> [Assignment]
The answer is to be an exact copy of the lines below running from the line with "by Gustave Dore" down to the line with "#HBDMandiraBedi #MandiraBedi #HappyBirthdayMandiraBedi", both ends included, and nothing more.

> [Available records]

»»

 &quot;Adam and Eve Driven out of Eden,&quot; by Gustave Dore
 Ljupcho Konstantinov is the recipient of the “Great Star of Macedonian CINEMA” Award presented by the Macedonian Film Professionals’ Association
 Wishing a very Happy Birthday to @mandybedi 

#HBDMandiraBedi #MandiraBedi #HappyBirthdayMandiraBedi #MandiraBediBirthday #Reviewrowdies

««
»»

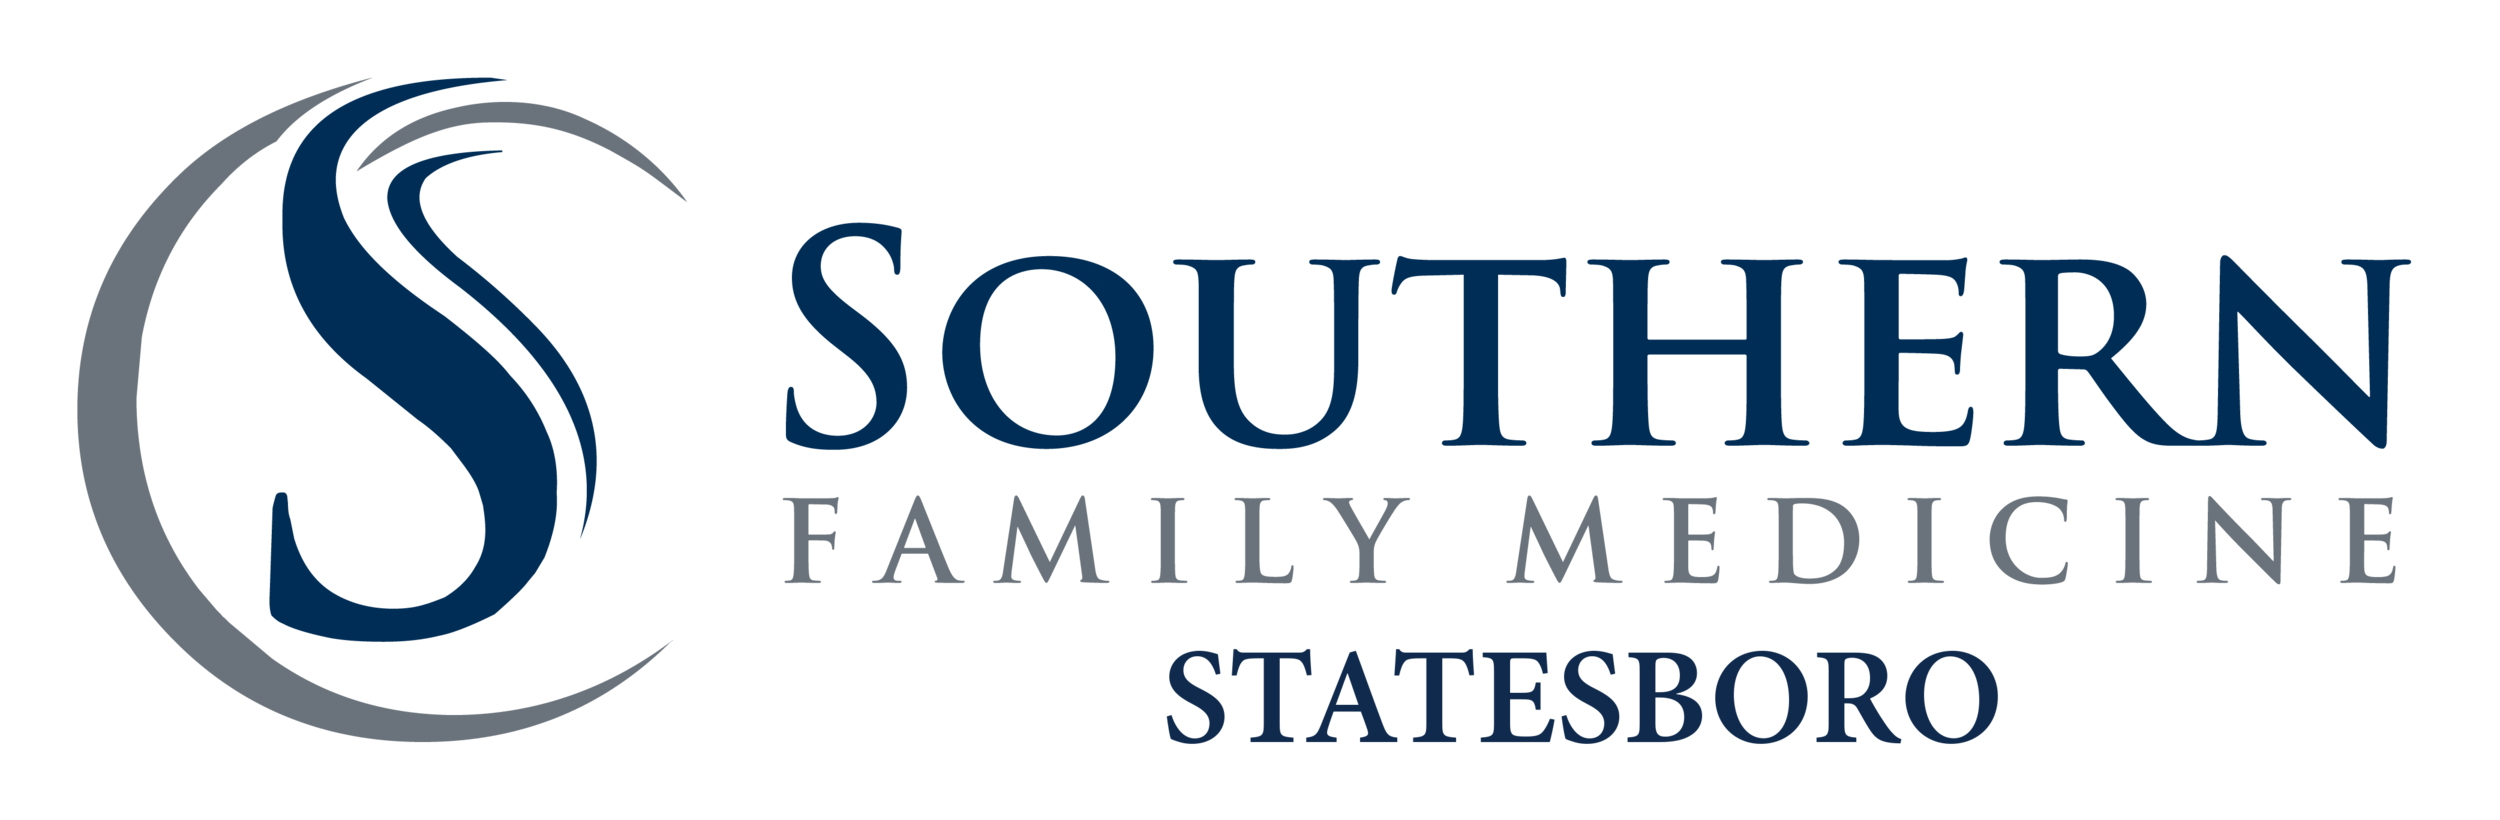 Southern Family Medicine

««
»»

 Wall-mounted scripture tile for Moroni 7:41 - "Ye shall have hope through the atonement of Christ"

««

> [Answer]
 &quot;Adam and Eve Driven out of Eden,&quot; by Gustave Dore
 Ljupcho Konstantinov is the recipient of the “Great Star of Macedonian CINEMA” Award presented by the Macedonian Film Professionals’ Association
 Wishing a very Happy Birthday to @mandybedi 

#HBDMandiraBedi #MandiraBedi #HappyBirthdayMandiraBedi #MandiraBediBirthday #Reviewrowdies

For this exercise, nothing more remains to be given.